Pourquoi le sport est l’avant-scène de la diplomatie internationale
L’essentiel
• Pour le géopolitologue Jean-Baptiste Guégan, le sport est un révélateur de la puissance des Etats, à travers leur développement économique, social et diplomatique.
• Le sport est aussi un levier de soft power, permettant d’influencer et de rayonner à l’échelle internationale.
• Le sport et la diplomatie sont étroitement liés.
• La domination sportive des Etats-Unis, de la Russie et de la Chine reflète leur rivalité politique et leur recherche de puissance.
• Pour un pays démocratique, réussir ses Jeux olympique, sert l’intérêt commun et celui de ses dirigeants.
Les JO s’ouvrent dans une France en crise politique et une Europe en guerre. «Dire que le sport est apolitique est malhonnête ou naïf», assure le géopolitologue Jean-Baptiste Guégan.

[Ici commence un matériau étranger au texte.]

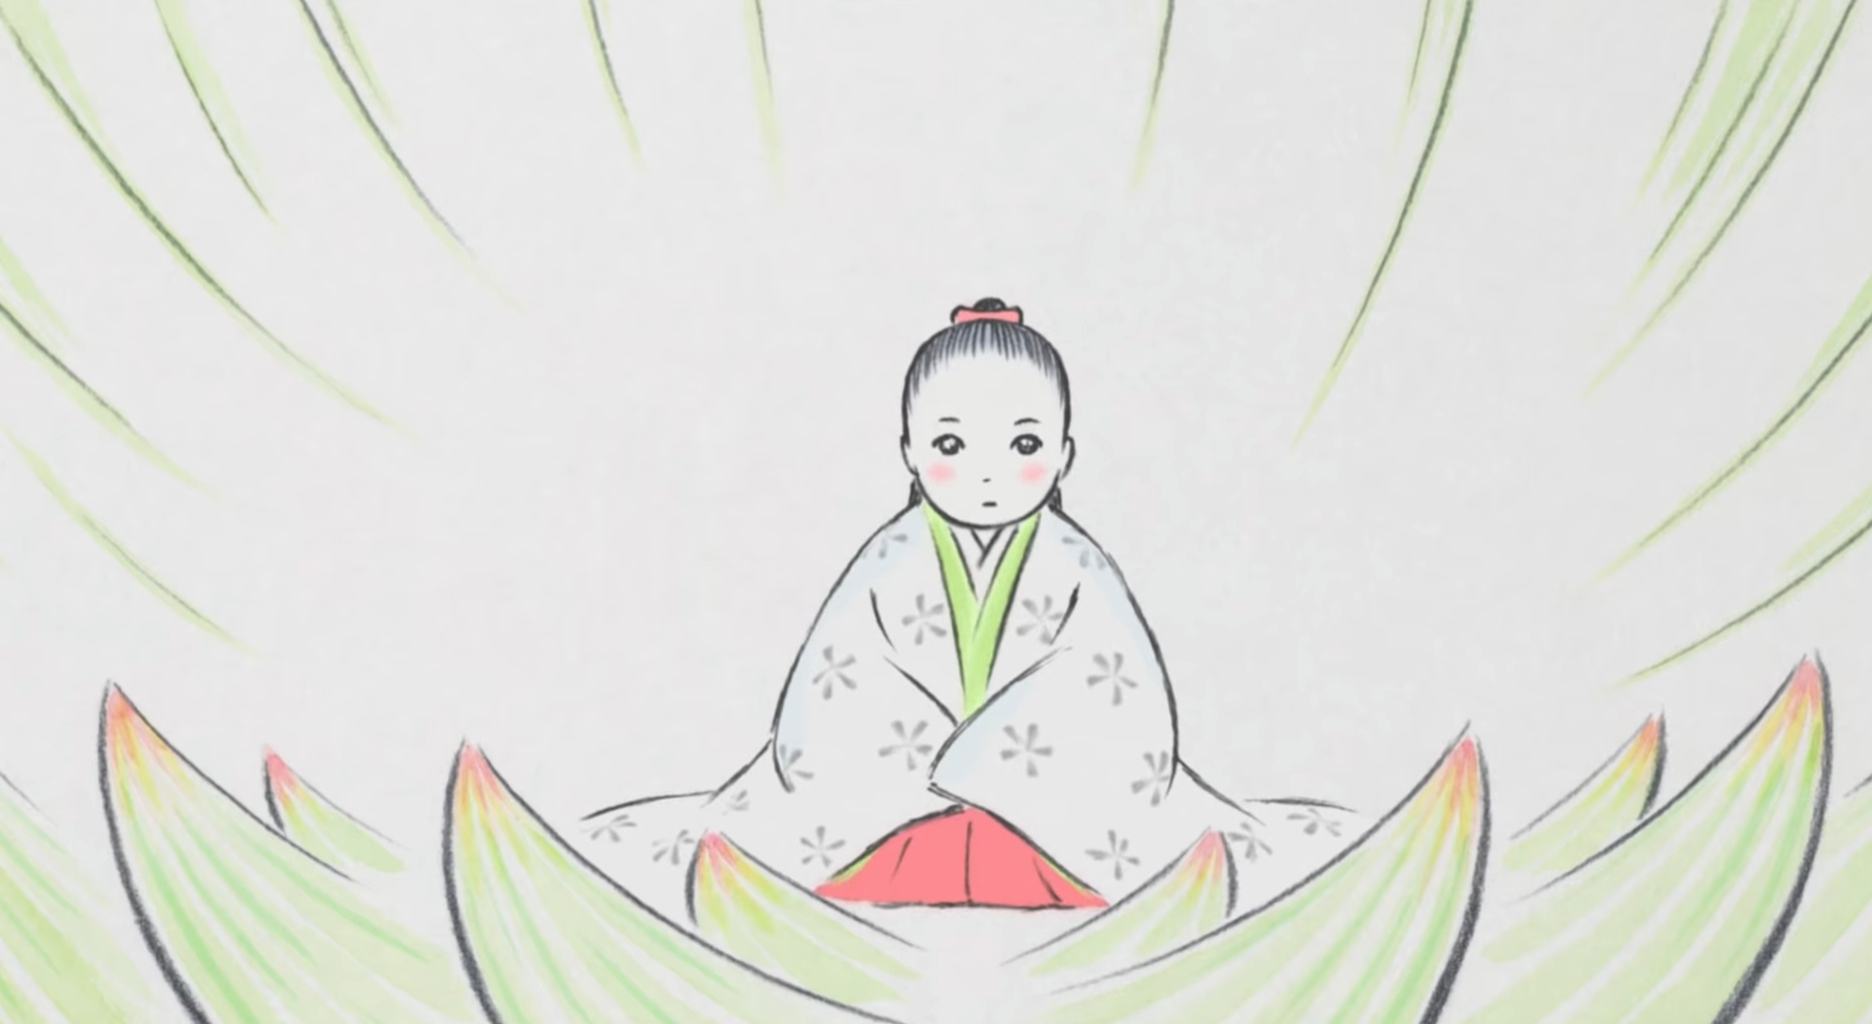 The Tale of the Princess Kaguya

L’Euro de football est terminé, les coureurs du Tour de France ont rangé leur bécane, les Jeux olympiques de Paris commencent et voilà que de nouvelles compétitions sportives s’annoncent déjà à l’automne. Tout ça pour la beauté du sport? Non. Car l’organisation de ces événements à l’aura planétaire cache de puissants enjeux politiques, comme le détaille le spécialiste de la géopolitique du sport Jean-Baptiste Guégan, coauteur avec Lukas Aubin de Géopolitique du sport (1).
En quoi le sport est-il révélateur de la puissance ou de l’impuissance des Etats?
Le sport est un révélateur de la puissance dure. Un Etat qui présente une démographie intéressante et des territoires variés –la mer, la montagne, la plaine, la vallée– peut déjà disposer de sportifs dans toutes les disciplines. Si son économie le permet, il peut en outre financer des athlètes et des gens pour les encadrer. Il existe un vrai lien entre le niveau de développement économique et social, culturel et sportif d’un pays. Enfin, dernière dimension de la puissance dure, la capacité diplomatique. Elle vous permet de prendre l’initiative, de peser dans les négociations internationales, de vous faire entendre de l’ONU jusqu’au Comité international olympique (CIO). Ainsi armé, un pays peut candidater pour organiser des Jeux olympiques ou une Coupe du monde de football. Le sport montre, surtout s’ils gagnent, des Etats capables de valoriser leur population et leurs territoires.
Le sport ne constitue-t-il pas aussi un levier de soft power, c’est-à-dire de puissance douce?
Oui. La puissance douce est la capacité à attirer, à influencer, à rayonner. On peut y ajouter la capacité à dicter le calendrier international. Quand un événement comme les Jeux olympiques ou le Tour de France se déroule dans votre pays, vous savez que pendant un mois, on parlera uniquement de vous, sans avoir à débourser un euro pour cela. Le soft power est aussi la capacité à imposer de manière douce ce qui doit être normal: les réglementations et les normes internationales. Aujourd’hui, les sports pratiqués sont massivement occidentaux, avec des règles occidentales: le respect de l’autre, le refus du dopage et, en théorie du moins, l’apolitisme. Ces valeurs se diffusent. C’est pourquoi d’aucuns disent que la puissance américaine, c’est à la fois Microsoft, Hollywood et le basketteur Michael Jordan. Aujourd’hui, un Etat n’est considéré comme une puissance que s’il a une capacité à peser dans le sport, que ce soit par les médailles qu’il engrange, l’organisation d’événements sportifs ou des athlètes qui se positionnent comme tels. Exemple: l’Ukraine, une puissance de second rang. En pleine guerre, ce pays a trouvé, dans ses sportifs, des ambassadeurs de sa cause, mais aussi l’incarnation d’un peuple en lutte pour sa souveraineté à la suite de l’agression russe.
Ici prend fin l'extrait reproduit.